Reproduce only the lines below from the line containing "1cf2f3ebdcdc Puma Suede" to the line containing "leprechaun cartoon st", exactly as written, with both end lines kept. Omit the pictures.

EXERCISE MATERIAL -
▶
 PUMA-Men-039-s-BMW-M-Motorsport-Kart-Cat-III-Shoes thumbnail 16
◀
▶
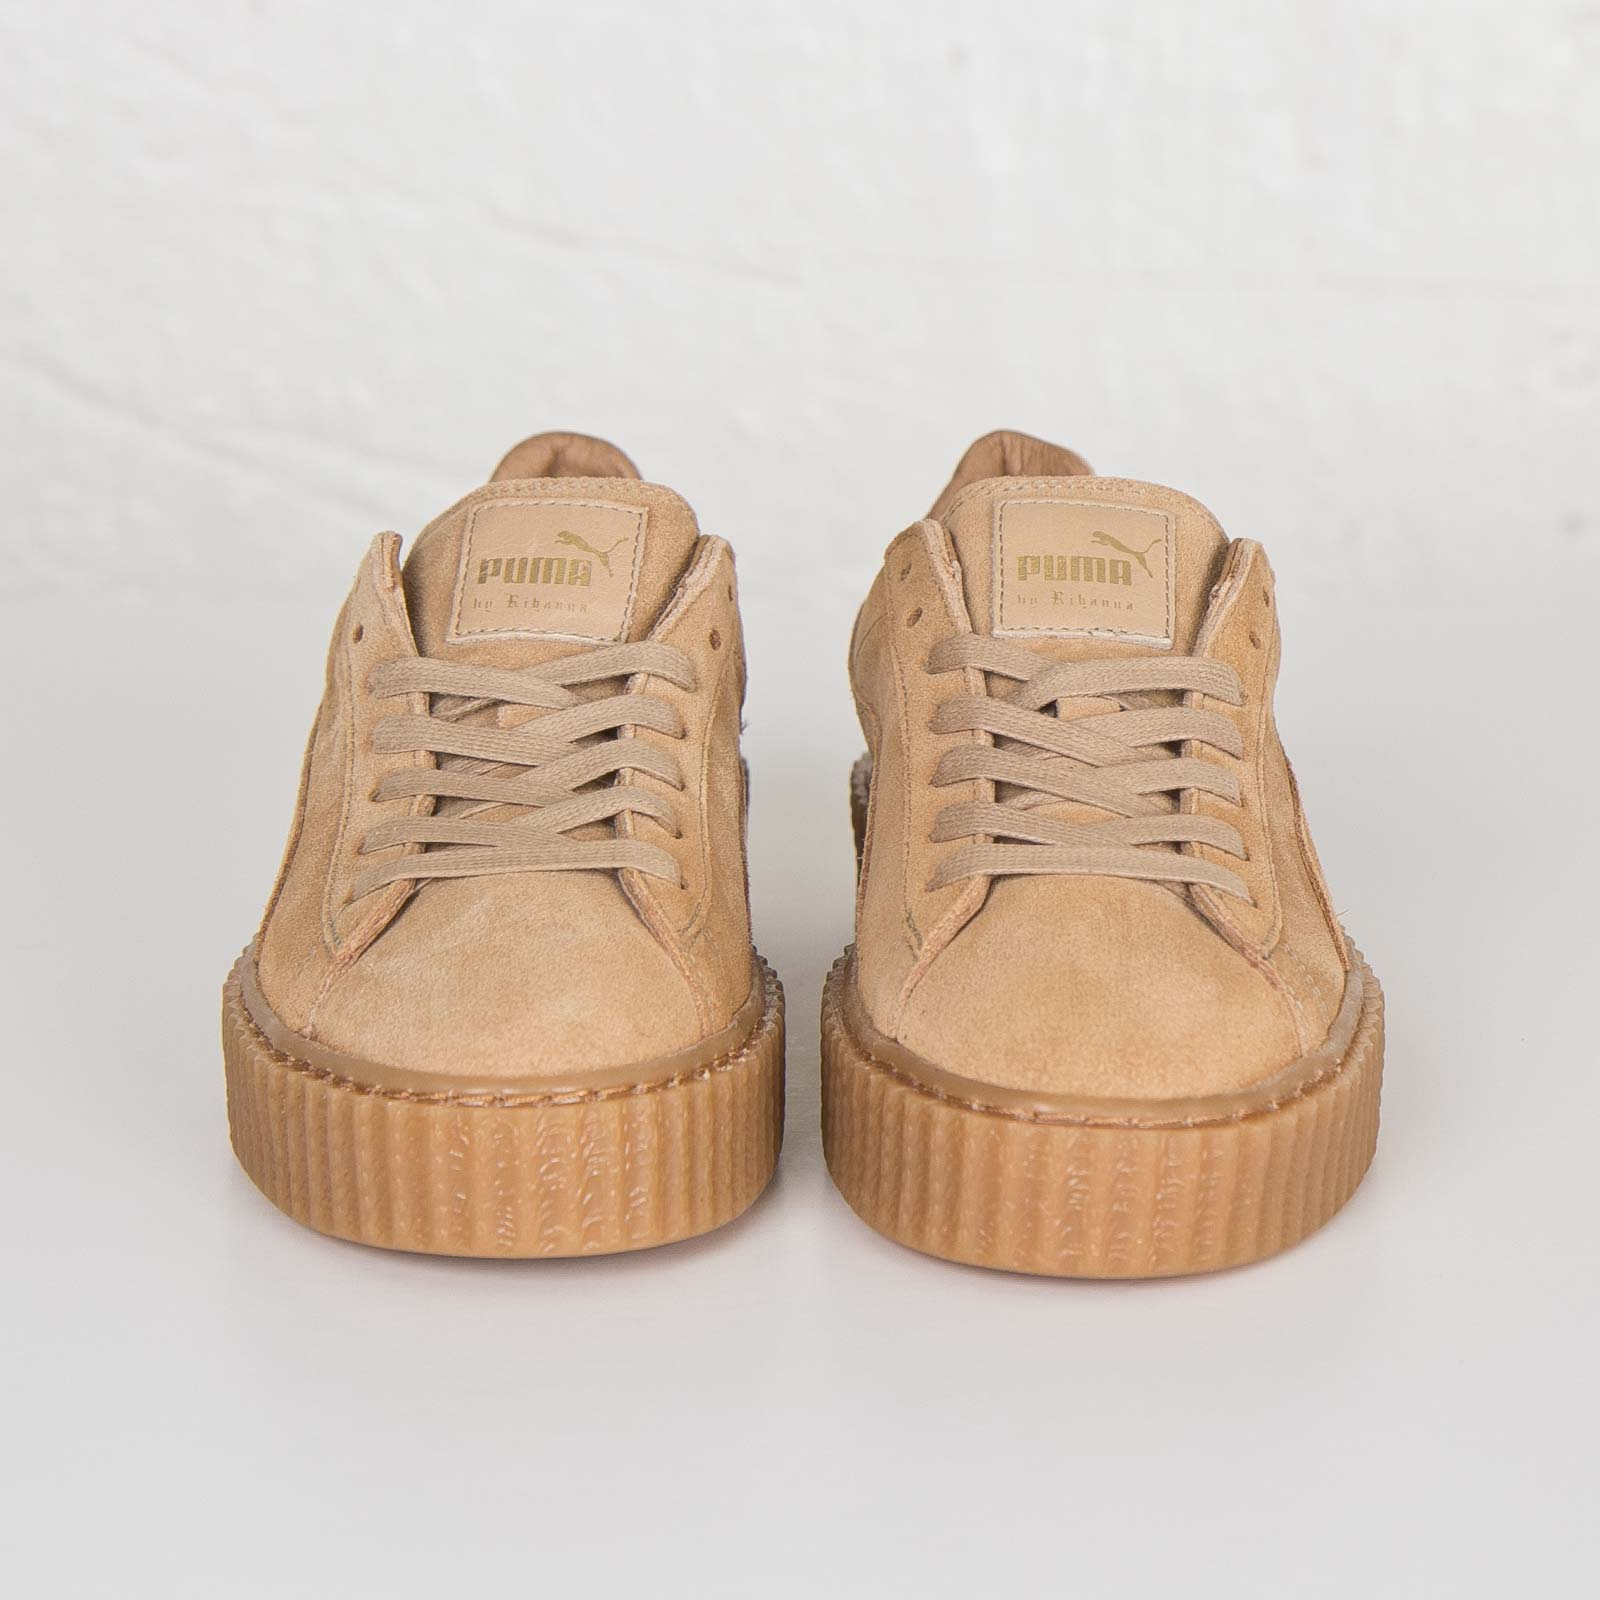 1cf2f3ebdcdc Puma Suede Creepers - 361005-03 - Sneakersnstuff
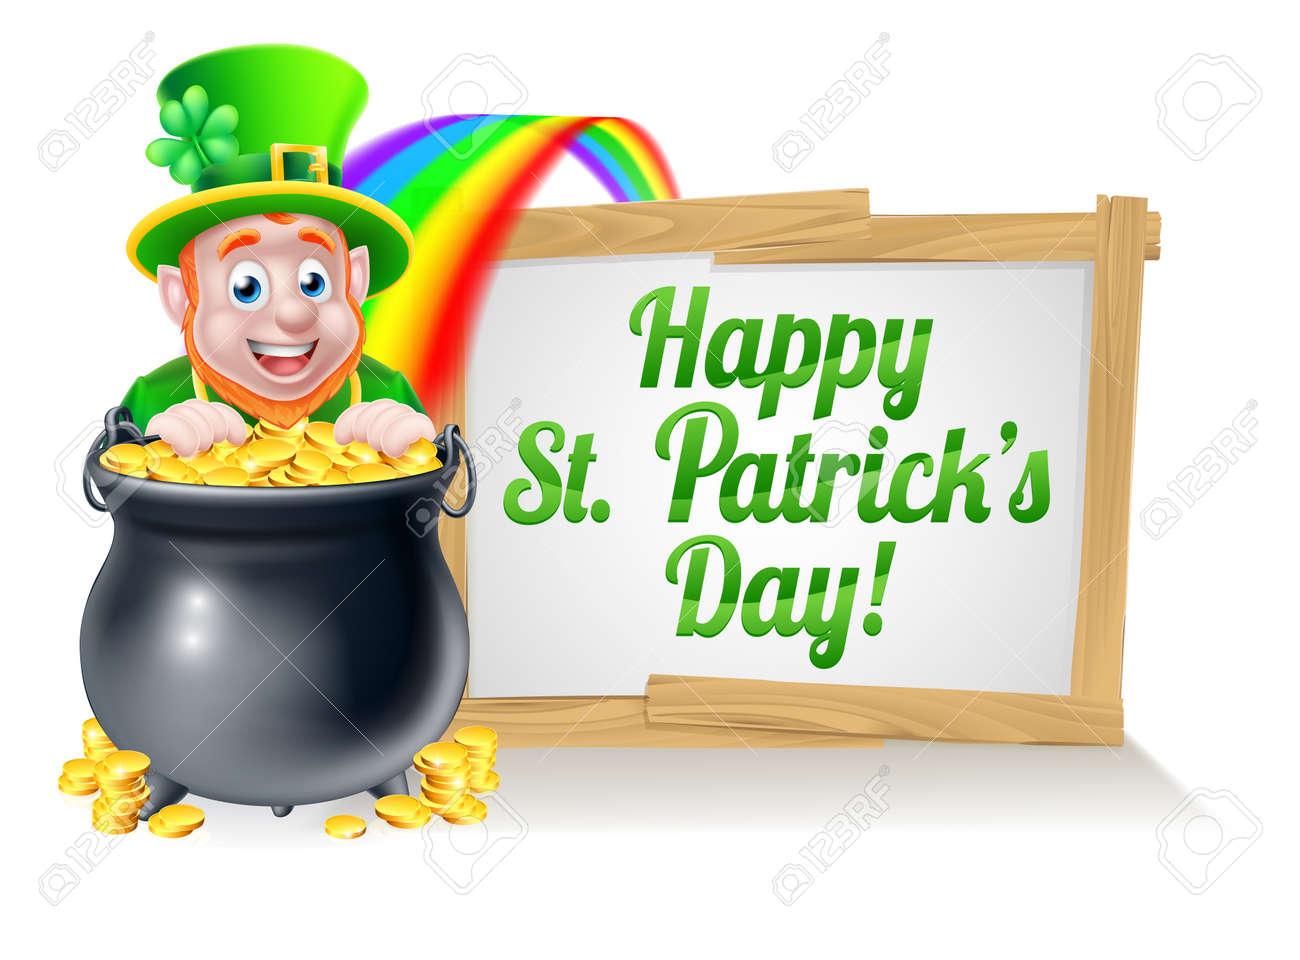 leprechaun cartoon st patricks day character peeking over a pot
◀
▶
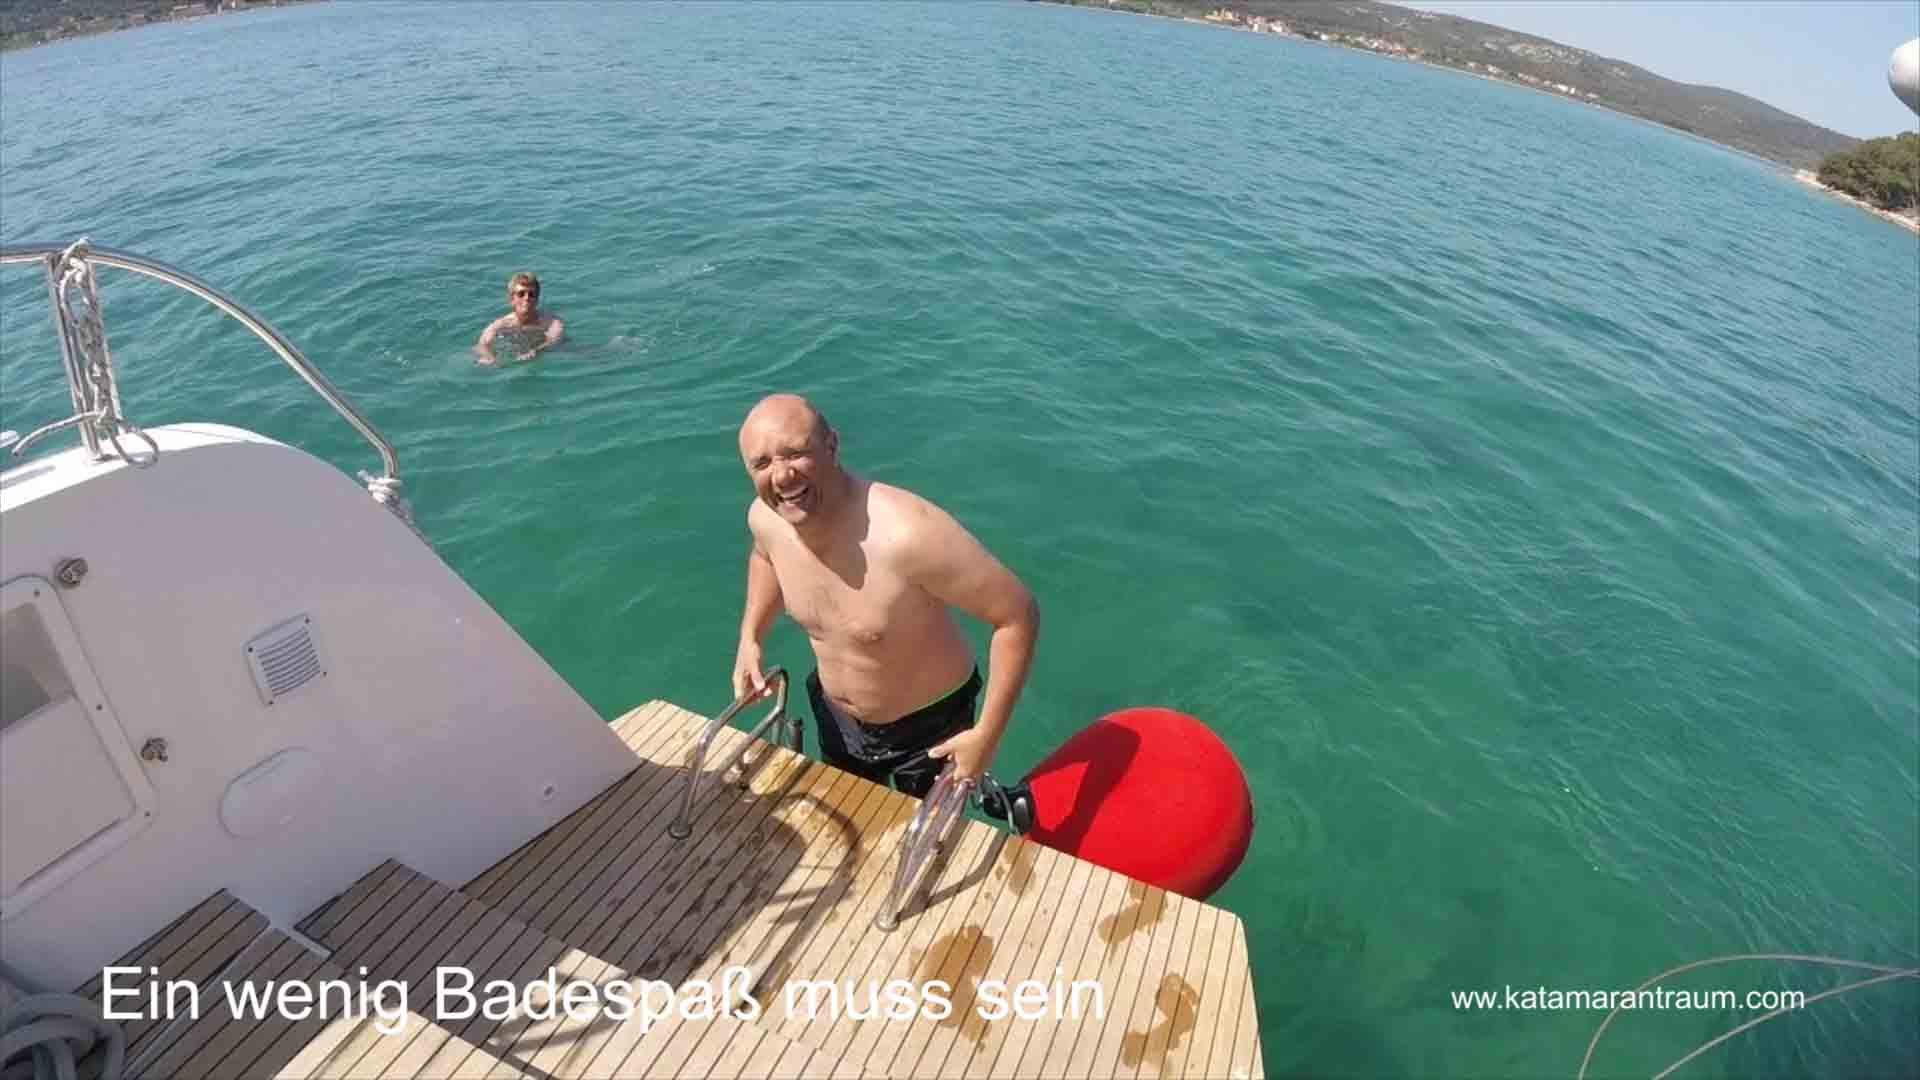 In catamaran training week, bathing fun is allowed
◀
RESULT OF THE TASK -
 1cf2f3ebdcdc Puma Suede Creepers - 361005-03 - Sneakersnstuff
 leprechaun cartoon st patricks day character peeking over a pot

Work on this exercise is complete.